À l'issue de l'entretien avec le supérieur hiérarchique du poste proposé, une offre ferme d'emploi pourra être adressée au salarié par écrit par le directeur des ressources humaines de l'entité d'accueil, accompagnée de deux exemplaires originaux du contrat de travail avec l'entité d'accueil» ; qu'ainsi les propositions de reclassement faites aux salariés, conformément au plan de sauvegarde de l'emploi, ne subordonnaient pas le reclassement à un entretien avec le supérieur hiérarchique pouvant être suivi d'une offre du responsable des ressources humaines, mais offraient seulement la faculté aux salariés d'un tel entretien, lequel n'avait pour seul objet que de leur présenter l'environnement professionnel dans lequel ils étaient susceptibles d'évoluer ; que rien, en revanche, ne les obligeait à cette rencontre, ni ne subordonnait le reclassement effectif à l'accord du responsable des ressources humaines ; qu'il en résulte qu'en statuant comme elle l'a fait, la cour d'appel a dénaturé les propositions de reclassement et a méconnu le principe susvisé. »

Réponse de la Cour

Vu l'obligation pour le juge de ne pas dénaturer l'écrit qui lui est soumis :

10. Pour retenir un manquement de l'employeur à son obligation de reclassement et juger les licenciements des salariés dépourvus de cause réelle et sérieuse, les arrêts retiennent encore que les propositions de reclassement à un poste sont subordonnées à un entretien avec un supérieur hiérarchique à l'issue duquel une offre ferme d'emploi pourra être adressée par le directeur des ressources humaines de l'entité d'accueil, en sorte qu'elles ne sont pas fermes.
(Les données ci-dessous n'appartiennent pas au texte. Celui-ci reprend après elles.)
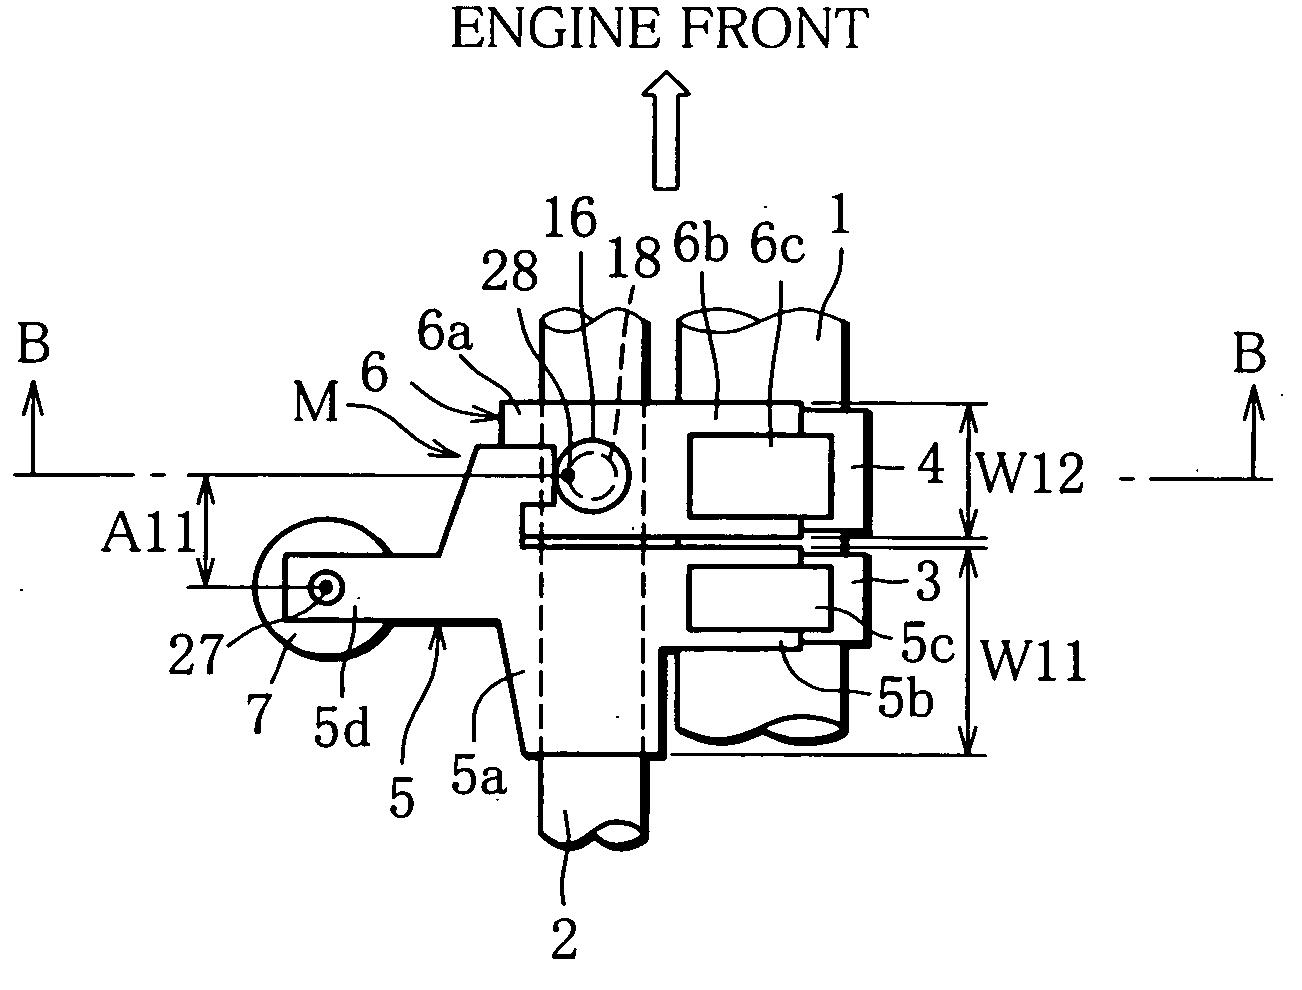 Variable valve train apparatus for an internal combustion engine

11. En statuant ainsi, alors que les lettres de proposition de postes de reclassement précisaient qu'en cas d'intérêt manifesté pour une proposition de poste, le salarié pourrait bénéficier d'une absence rémunérée dans le cadre d'un voyage de reconnaissance pour se rendre sur le potentiel nouveau lieu de travail et avoir un entretien individuel avec le responsable hiérarchique local, ce dont il résultait que l'entretien avec le supérieur hiérarchique n'était qu'une faculté offerte au salarié, la cour d'appel, qui a dénaturé les termes des lettres de proposition de postes de reclassement, a violé le principe susvisé.
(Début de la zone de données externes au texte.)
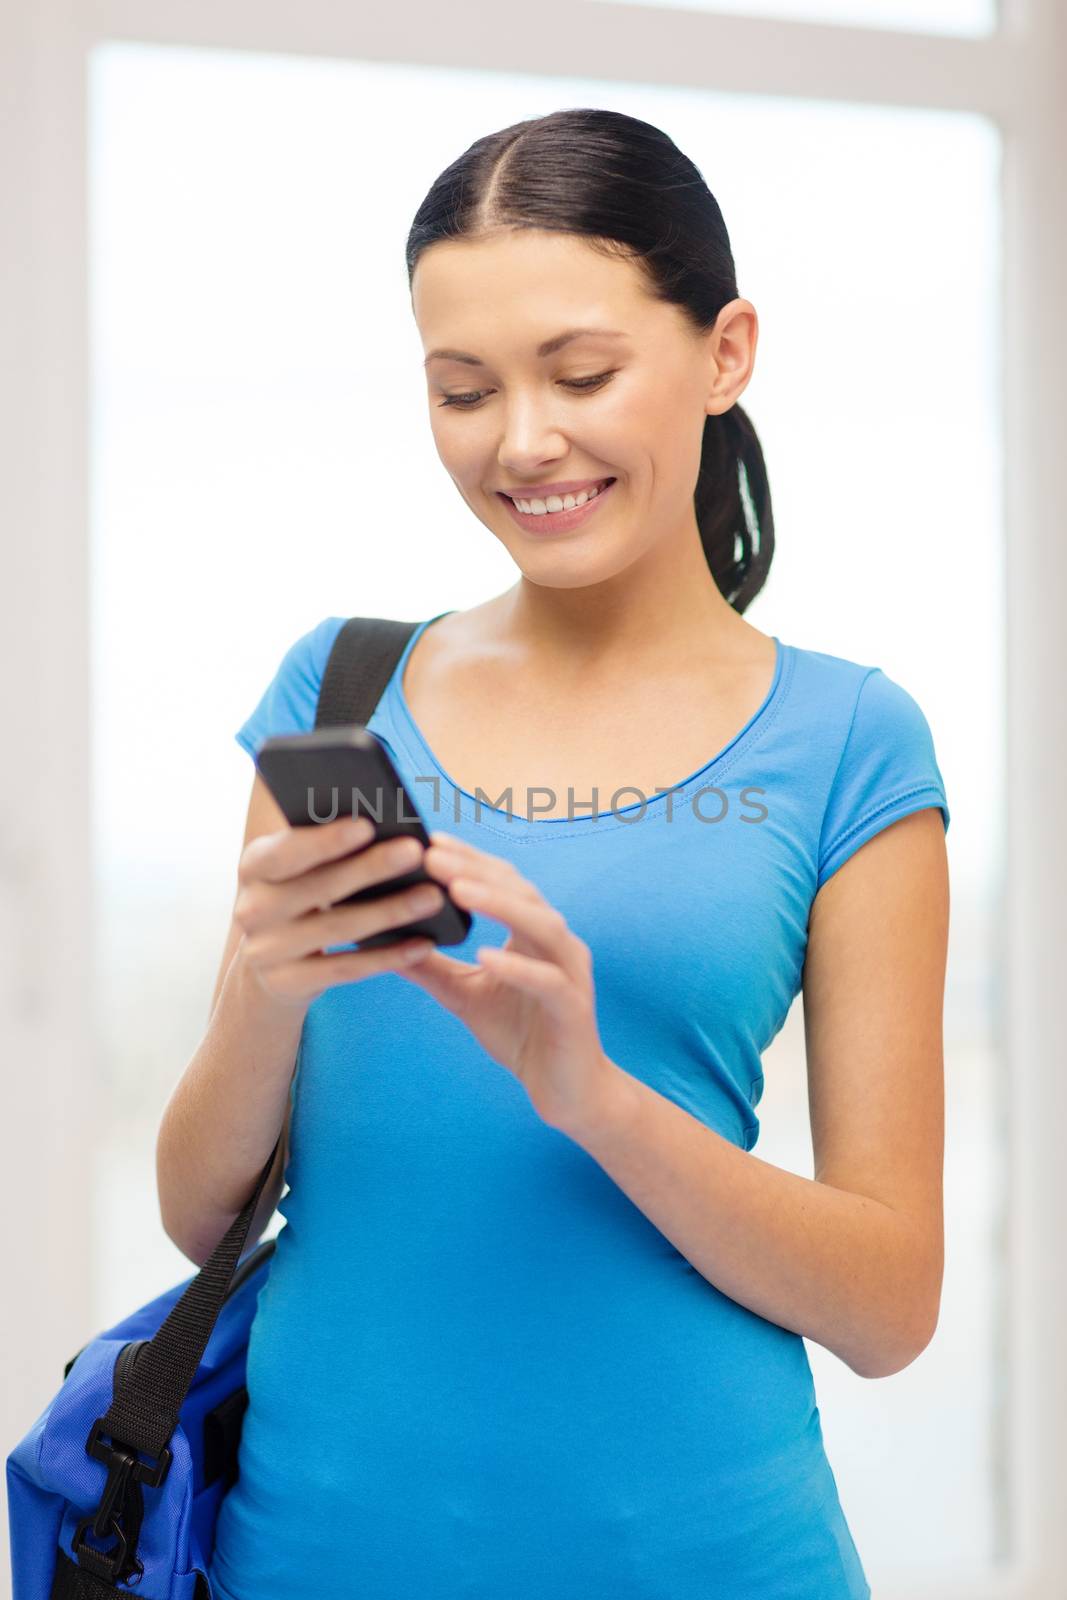 education, technology, communication and school concept - smiling female student with smartphone and bag at school

PAR CES MOTIFS, et sans qu'il y ait lieu de statuer sur les autres branches, la Cour :

CASSE ET ANNULE, mais seulement en ce qu'ils disent les licenciements des salariés dépourvus de cause réelle et sérieuse et condamnent la société Vibratechniques à payer aux salariés une somme à titre de dommages-intérêts à ce titre et à rembourser à l'antenne Pôle emploi concernée les indemnités versées aux salariés, les arrêts rendus le 20 septembre 2018, entre les parties, par la cour d'appel de Rouen ;

Remet, sur ces points, l'affaire et les parties dans l'état où elles se trouvaient avant ces arrêts et les renvoie devant la cour d'appel de Caen ;

Condamne MM. F..., Y..., W..., C..., Q..., J..., N..., V..., M..., A..., SH..., TR..., NA..., DN..., EI..., DV..., SK..., GN..., QB..., HR..., LB..., NA..., et Mmes S..., R..., BY..., OS..., JS..., KF..., KW... et HI... aux dépens ;

En application de l'article 700 du code de procédure civile, rejette les demandes ;

Dit que sur les diligences du procureur général près la Cour de cassation, le présent arrêt sera transmis pour être transcrit en marge ou à la suite des arrêts partiellement cassés ;

Ainsi fait et jugé par la Cour de cassation, chambre sociale, et prononcé par le président en son audience publique du premier juillet deux mille vingt.